Love Letters of the Angels of Death by Jennifer Quist

Love Letters of the Angels of Death by Jennifer Quist

Author:Jennifer Quist [Quist, Jennifer]
Language: eng
Format: epub, mobi
ISBN: 9781927535158
Publisher: Linda Leith Publishing
Published: 2013-08-03T04:00:00+00:00


Thirteen

Your cousin Janae’s wedding was one of those lavish pink fantasy weddings, the kind mothers insist on for daughters who get married right out of high school just in case the brides never accomplish anything else worth a big party during the rest of their lives. You’re well out of high school but still single when Janae marries that guy even though he’s so much older than her. Word in the family is that you’ve read something in one of your university textbooks about destructive power imbalances between spouses with wide gaps between their ages. But the family agrees all that intellectual mumbo-jumbo of yours is just a smoke screen to hide the fact that you’re lovelorn, at age twenty.

Janae punishes you for their talk by not inviting you to stand beside her at the wedding reception wearing a pale pink satin dress that will look like it’s made of tin foil in all the flash photography. So here you are, playing the Cinderella of the wedding. You’re too estranged from the bride to be an overdressed member of the wedding party with a free manicure and a new pair of shoes. But you’re still close enough to her to work until after midnight tacking pink streamers to the walls of the church hall.

When the glass bowls of pink lemonade punch are full and the trays of after-dinner sweets are piled high enough, you drift away from the wedding reception and onto the burgundy sofa in the foyer outside the hall. This foyer is where we meet.

The first time I see you, the front of your plain black dress is wet across the middle from the time you’ve spent leaning against the sink, washing the dishes from Janae’s “head table” – the only table not set with paper plates. Your black shoes are just like the ones china dolls wear right out of their boxes – round-toed, flat-heeled, with one strap slung across the top of the foot and buckled on the other side.

“Just call them ‘Mary Janes,’” you’ll tell me much later, when I’m your husband and I miss those shoes and I’m trying to tell you how much I liked them.

At Janae’s wedding reception, your Mary Janes lay about a metre apart on the floor of the church foyer. You kicked them off without undoing the buckles before you sat down and pulled your sore feet up underneath yourself. That friend of yours is with you – the girl you share an apartment with during university. Right now, she’s better than a sister to you.

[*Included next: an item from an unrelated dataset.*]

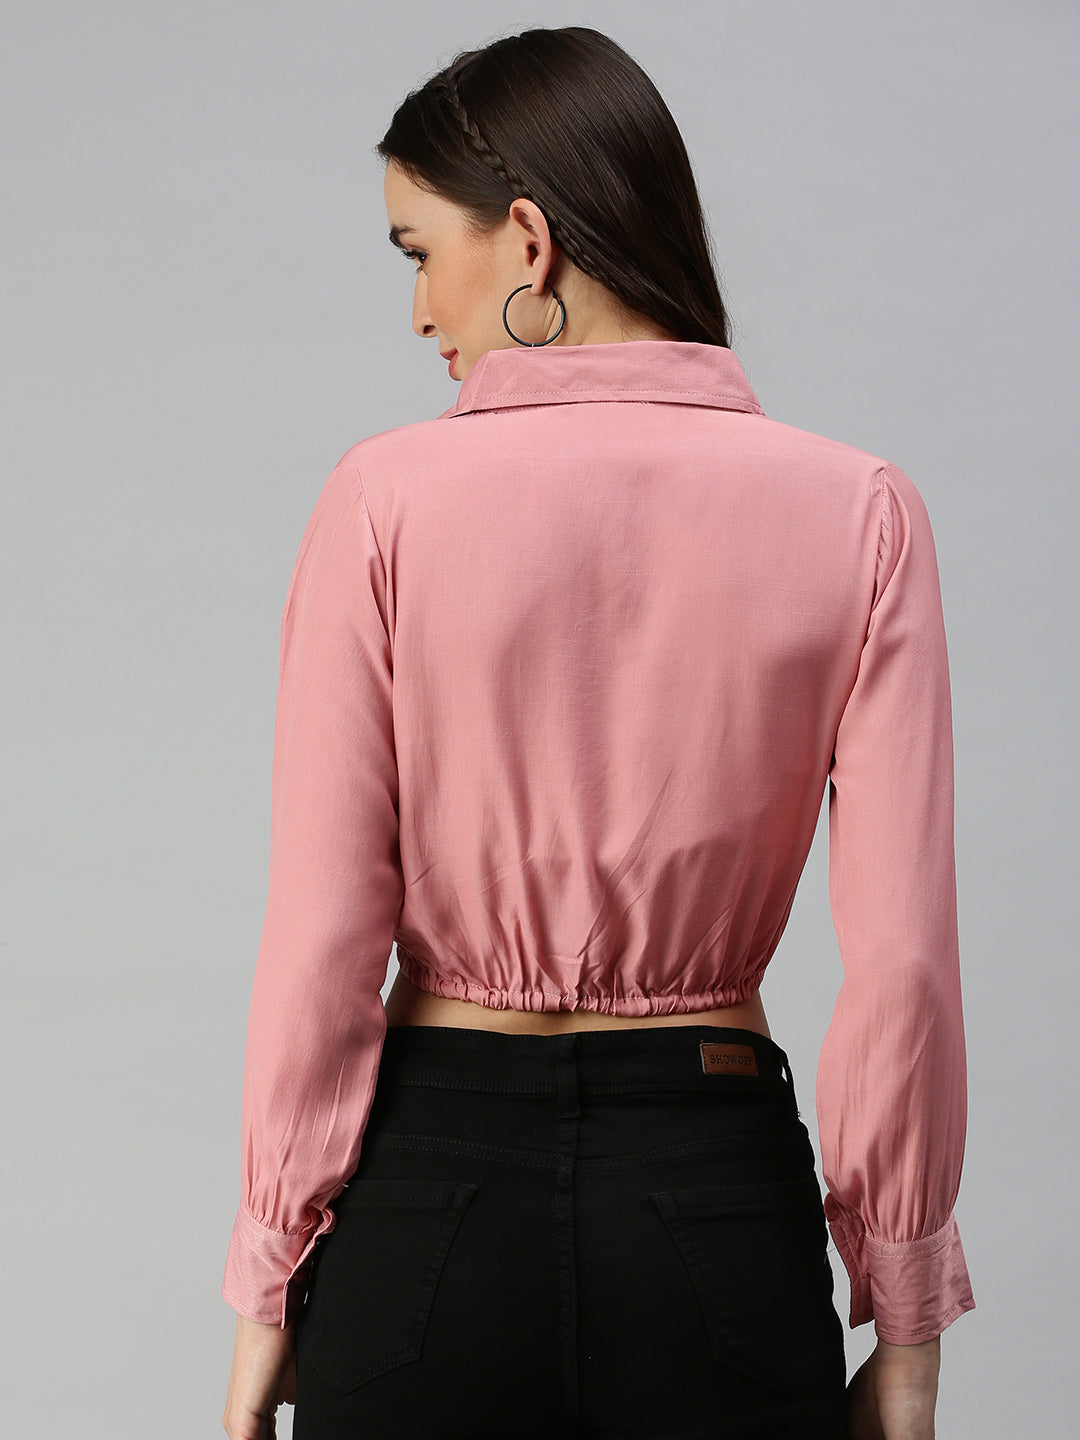 Women's Pink Solid Crop Tops
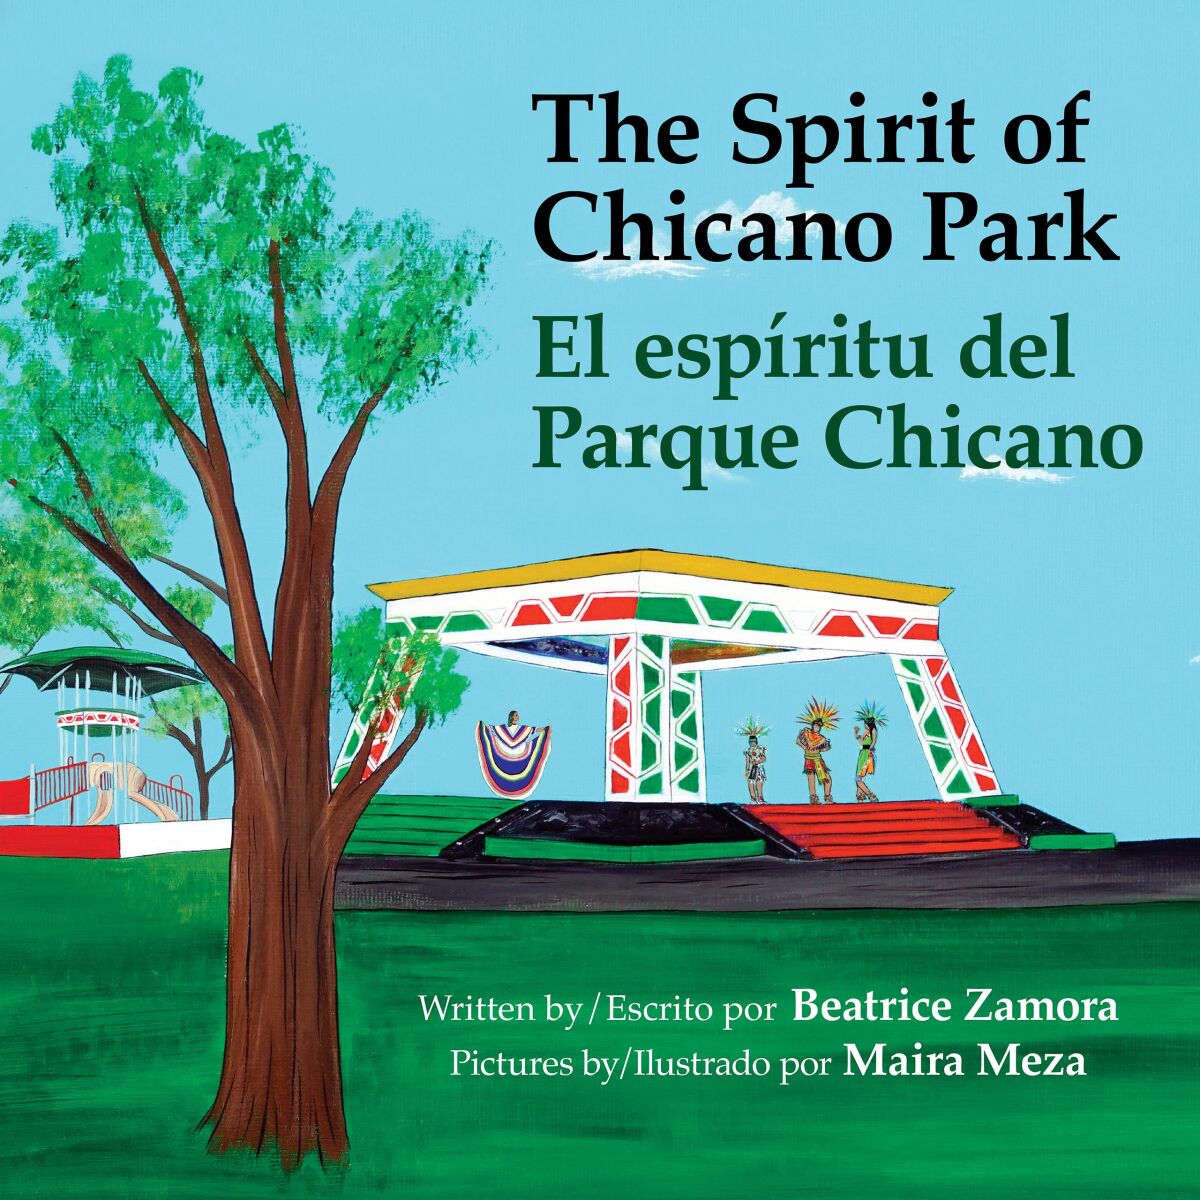 Cover of the new book "The Spirit of Chicano Park / El espíritu del Parque Chicano."

“Look at how wet you got in there. You should have let me wash and you could have dried for a while,” she chides you.

You just shrug. “Then we’d both be soggy. And there’s no point in that.”

Your friend is a wholesome, kind, and pretty girl. You’re right to love her the way you do. And even though it’s almost more embarrassing than I can stand, your nice roommate is the reason I’ve come here tonight.